The task: Your answer should contain every line of the records, transcribed word for word.

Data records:
------
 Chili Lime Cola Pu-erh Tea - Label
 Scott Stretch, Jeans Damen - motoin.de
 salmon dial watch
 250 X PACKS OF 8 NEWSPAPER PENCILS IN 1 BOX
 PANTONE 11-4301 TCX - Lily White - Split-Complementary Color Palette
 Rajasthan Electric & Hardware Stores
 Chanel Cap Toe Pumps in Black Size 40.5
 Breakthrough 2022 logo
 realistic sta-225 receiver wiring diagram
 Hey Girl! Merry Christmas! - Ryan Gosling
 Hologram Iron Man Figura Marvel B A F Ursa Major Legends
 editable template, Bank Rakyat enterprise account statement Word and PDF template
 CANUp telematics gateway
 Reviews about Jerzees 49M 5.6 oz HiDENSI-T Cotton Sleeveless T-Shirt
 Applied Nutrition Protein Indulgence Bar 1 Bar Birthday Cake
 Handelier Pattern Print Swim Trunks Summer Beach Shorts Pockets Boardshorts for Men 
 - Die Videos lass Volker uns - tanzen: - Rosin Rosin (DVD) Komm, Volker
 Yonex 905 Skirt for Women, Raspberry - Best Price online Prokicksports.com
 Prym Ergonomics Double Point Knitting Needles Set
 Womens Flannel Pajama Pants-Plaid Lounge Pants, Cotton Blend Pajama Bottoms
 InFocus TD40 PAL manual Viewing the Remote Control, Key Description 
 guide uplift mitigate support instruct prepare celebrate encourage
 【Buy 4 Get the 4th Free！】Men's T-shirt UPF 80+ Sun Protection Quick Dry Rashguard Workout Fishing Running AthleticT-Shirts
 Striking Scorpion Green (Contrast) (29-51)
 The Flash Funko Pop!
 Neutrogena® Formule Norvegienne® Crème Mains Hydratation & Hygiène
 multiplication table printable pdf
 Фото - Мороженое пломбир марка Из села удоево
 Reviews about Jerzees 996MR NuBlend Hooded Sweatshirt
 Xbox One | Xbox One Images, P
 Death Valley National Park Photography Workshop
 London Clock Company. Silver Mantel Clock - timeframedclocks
------
Completed exercise:
 Chili Lime Cola Pu-erh Tea - Label
 Scott Stretch, Jeans Damen - motoin.de
 salmon dial watch
 250 X PACKS OF 8 NEWSPAPER PENCILS IN 1 BOX
 PANTONE 11-4301 TCX - Lily White - Split-Complementary Color Palette
 Rajasthan Electric & Hardware Stores
 Chanel Cap Toe Pumps in Black Size 40.5
 Breakthrough 2022 logo
 realistic sta-225 receiver wiring diagram
 Hey Girl! Merry Christmas! - Ryan Gosling
 Hologram Iron Man Figura Marvel B A F Ursa Major Legends
 editable template, Bank Rakyat enterprise account statement Word and PDF template
 CANUp telematics gateway
 Reviews about Jerzees 49M 5.6 oz HiDENSI-T Cotton Sleeveless T-Shirt
 Applied Nutrition Protein Indulgence Bar 1 Bar Birthday Cake
 Handelier Pattern Print Swim Trunks Summer Beach Shorts Pockets Boardshorts for Men 
 - Die Videos lass Volker uns - tanzen: - Rosin Rosin (DVD) Komm, Volker
 Yonex 905 Skirt for Women, Raspberry - Best Price online Prokicksports.com
 Prym Ergonomics Double Point Knitting Needles Set
 Womens Flannel Pajama Pants-Plaid Lounge Pants, Cotton Blend Pajama Bottoms
 InFocus TD40 PAL manual Viewing the Remote Control, Key Description 
 guide uplift mitigate support instruct prepare celebrate encourage
 【Buy 4 Get the 4th Free！】Men's T-shirt UPF 80+ Sun Protection Quick Dry Rashguard Workout Fishing Running AthleticT-Shirts
 Striking Scorpion Green (Contrast) (29-51)
 The Flash Funko Pop!
 Neutrogena® Formule Norvegienne® Crème Mains Hydratation & Hygiène
 multiplication table printable pdf
 Фото - Мороженое пломбир марка Из села удоево
 Reviews about Jerzees 996MR NuBlend Hooded Sweatshirt
 Xbox One | Xbox One Images, P
 Death Valley National Park Photography Workshop
 London Clock Company. Silver Mantel Clock - timeframedclocks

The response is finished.